Activity
Could you restate word for word only the lines below from the one holding "New Balance Womens" to the one holding "Villa Garda nursing", inclusive, and leave out the pictures?

Source data
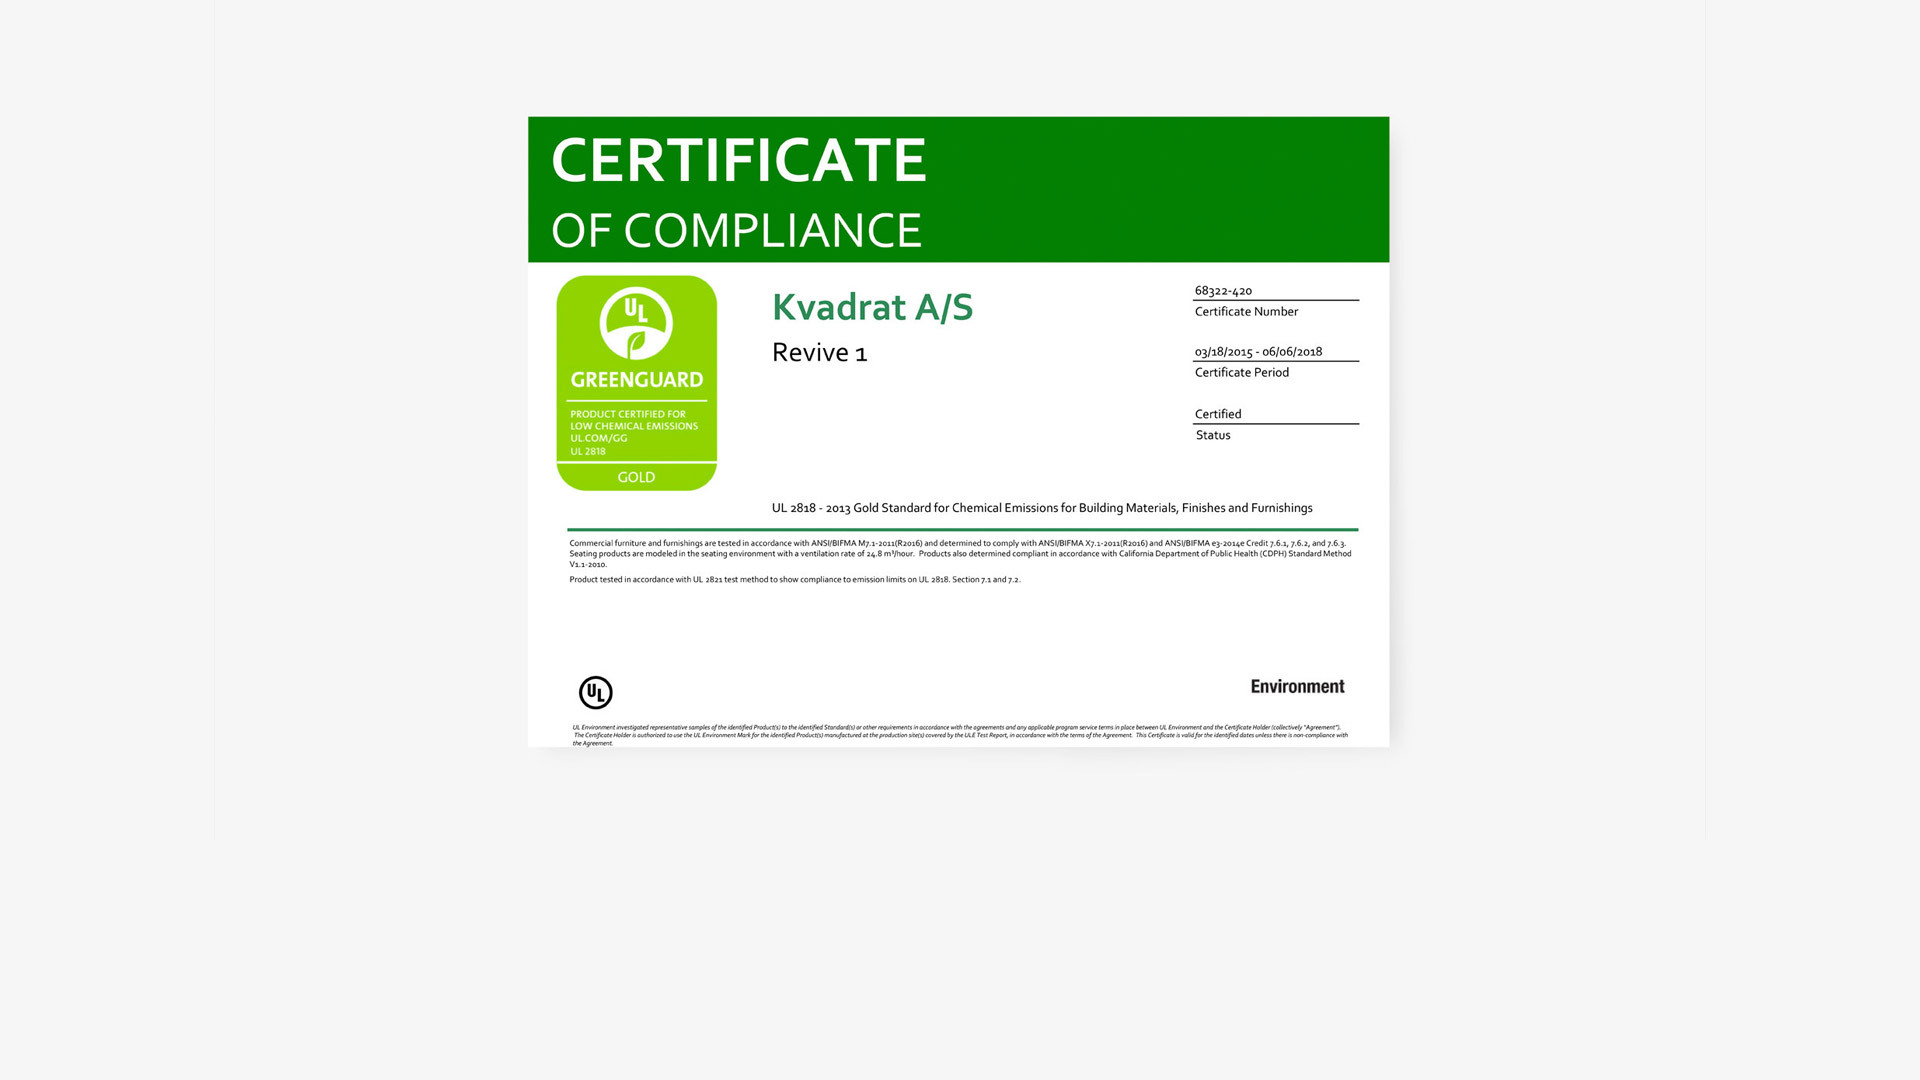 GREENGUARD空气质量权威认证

---

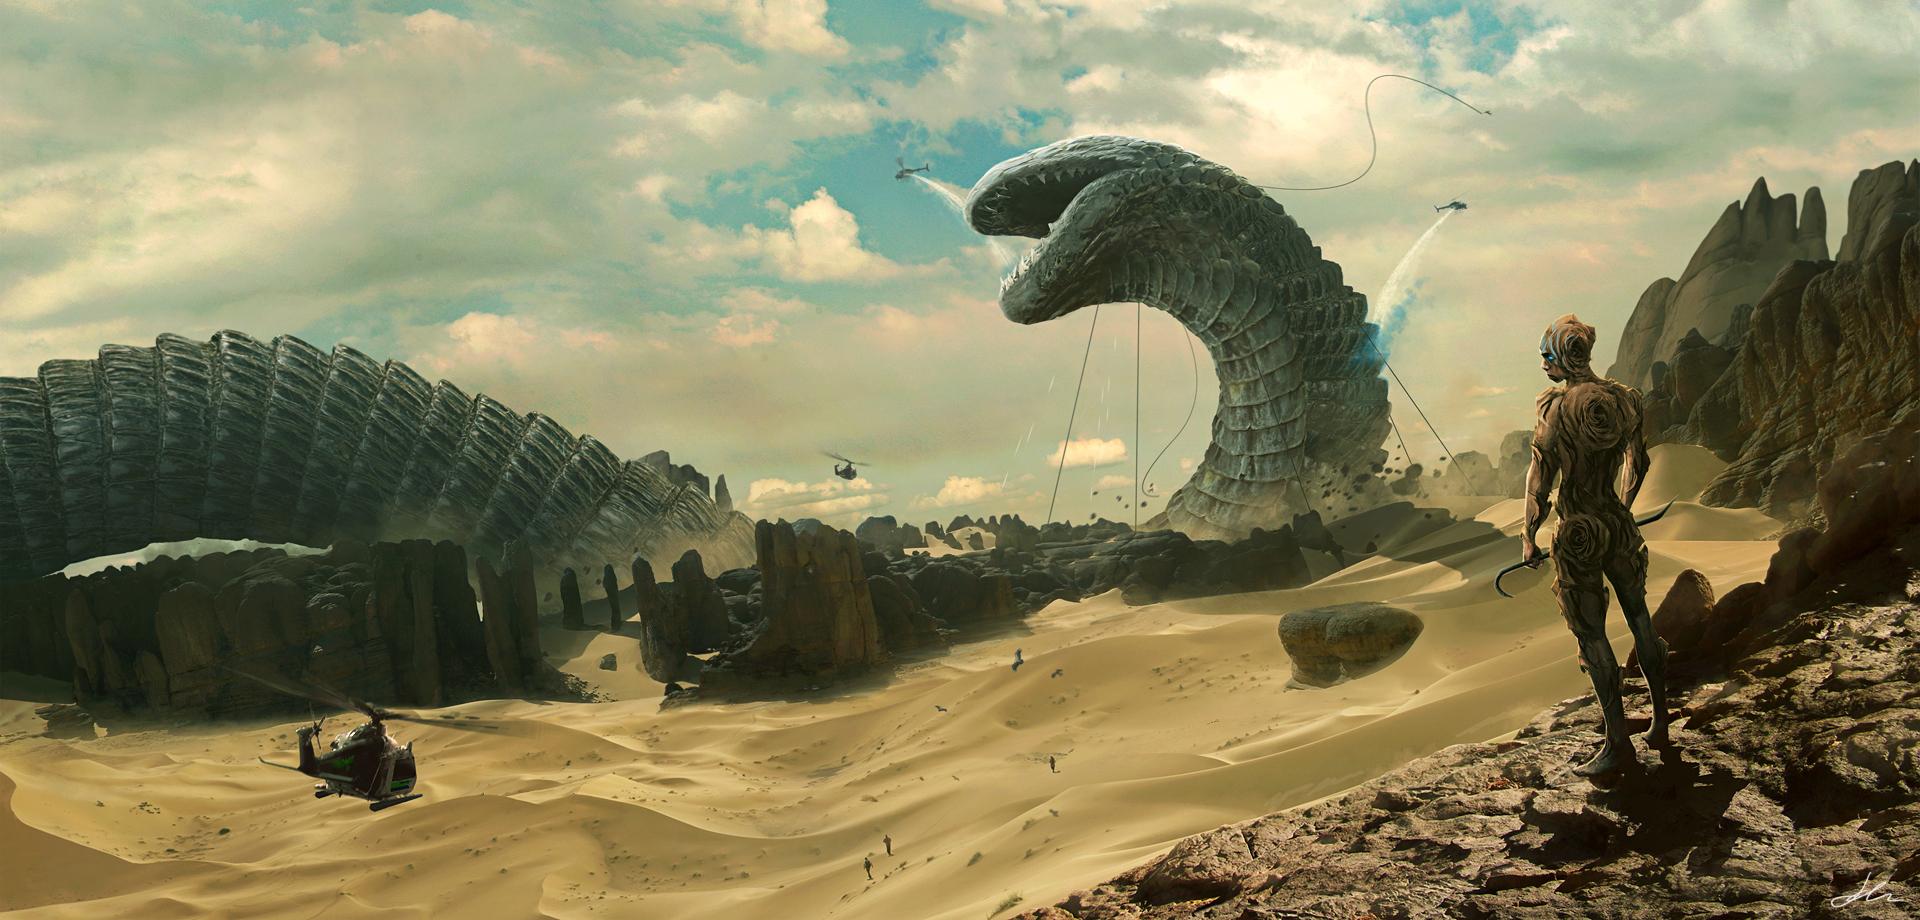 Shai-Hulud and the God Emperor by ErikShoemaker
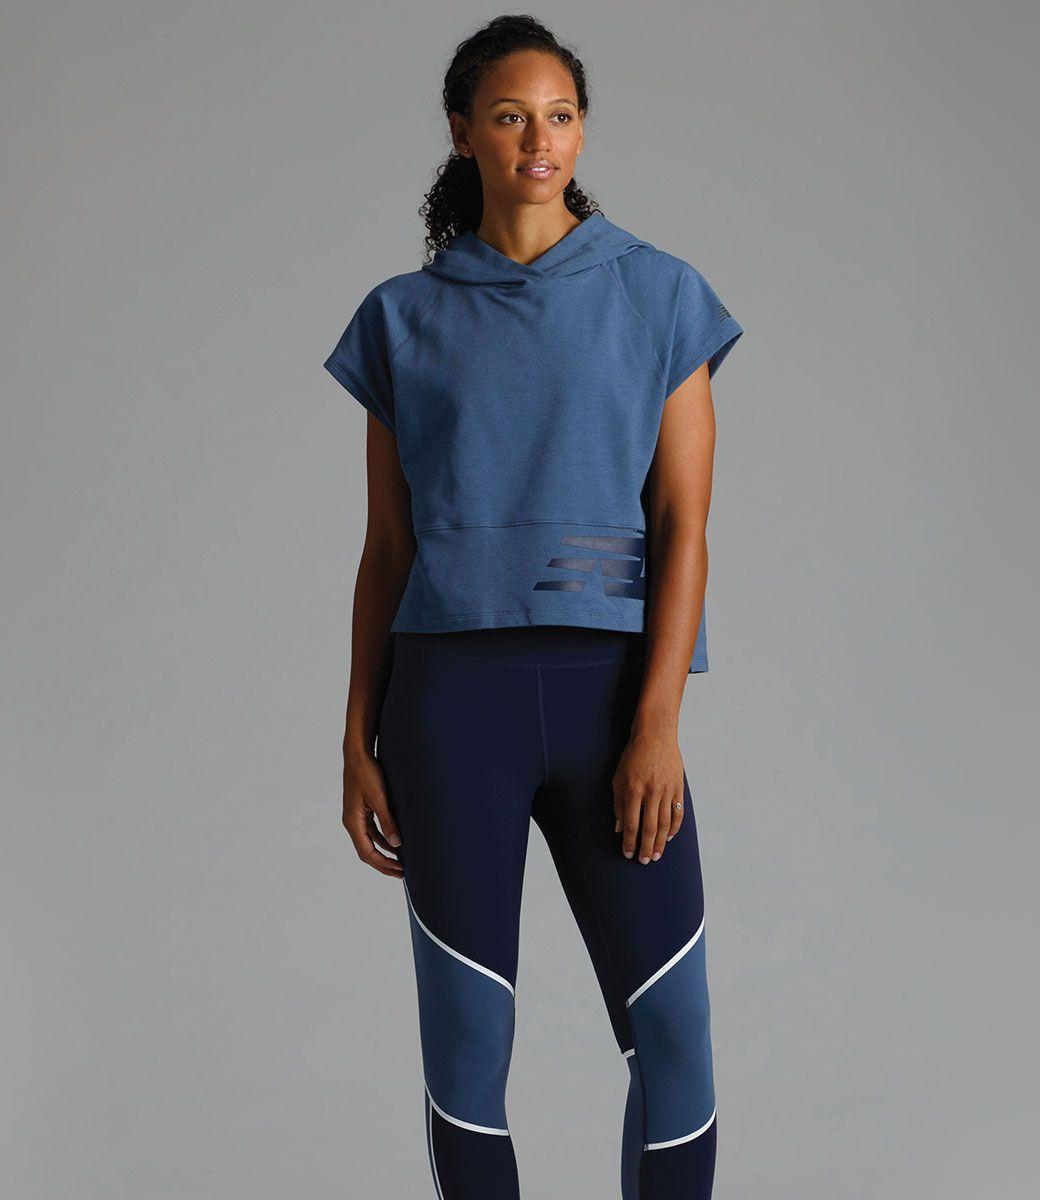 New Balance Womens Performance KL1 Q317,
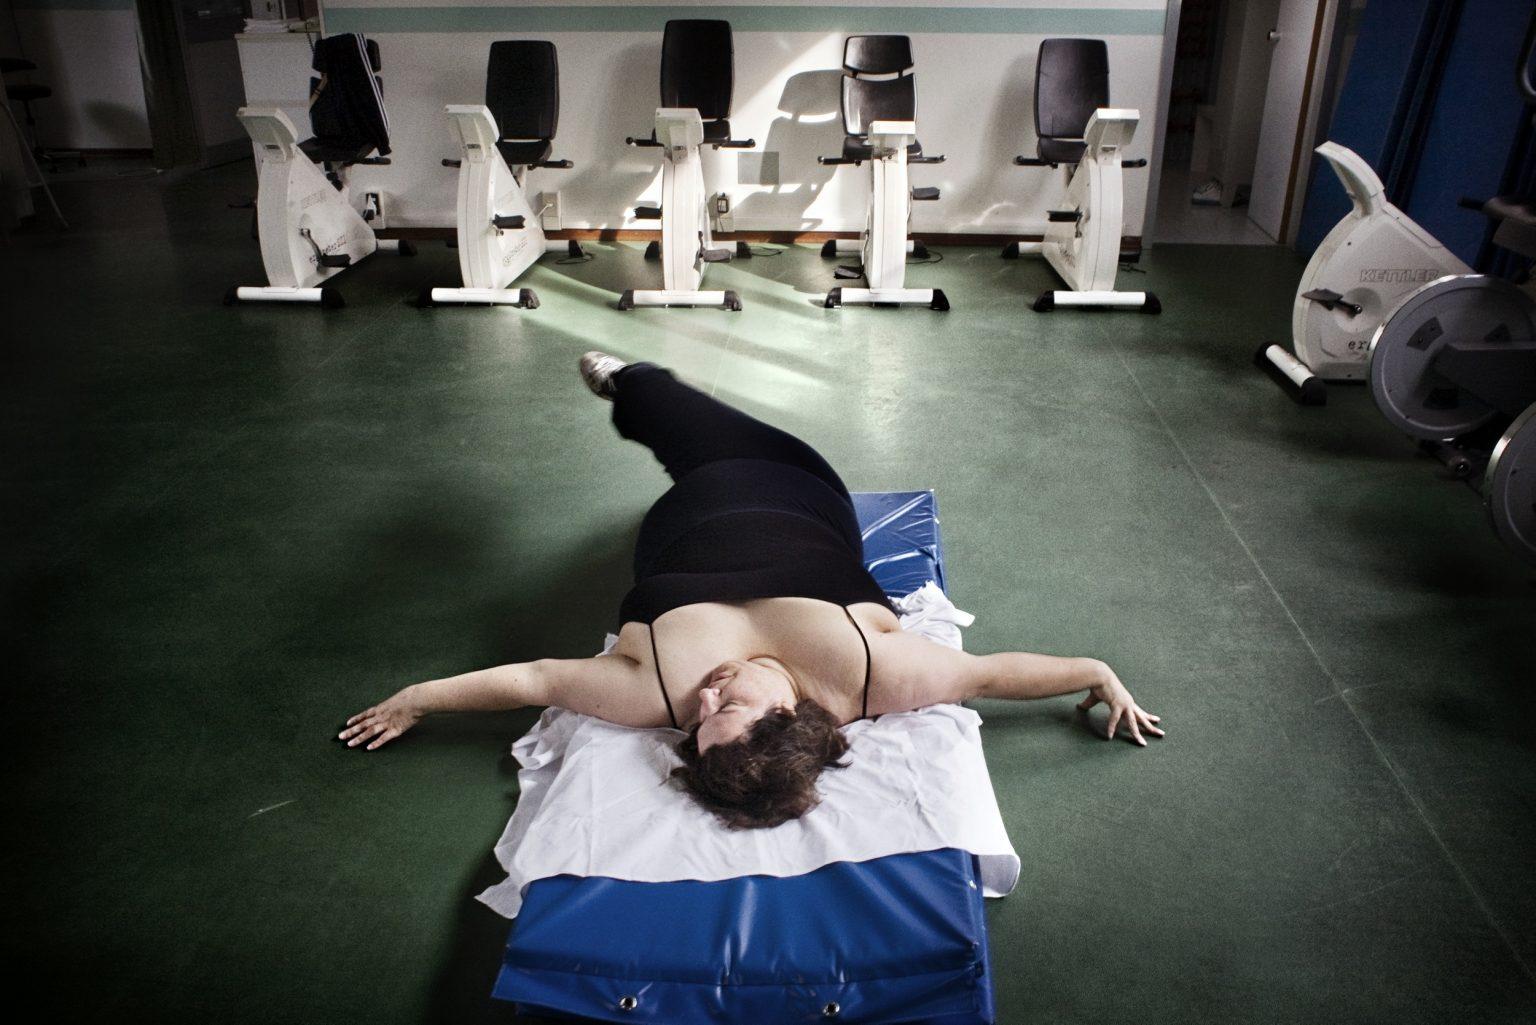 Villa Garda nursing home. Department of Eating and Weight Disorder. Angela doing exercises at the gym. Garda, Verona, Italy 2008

Reply
 New Balance Womens Performance KL1 Q317,
 Villa Garda nursing home. Department of Eating and Weight Disorder. Angela doing exercises at the gym. Garda, Verona, Italy 2008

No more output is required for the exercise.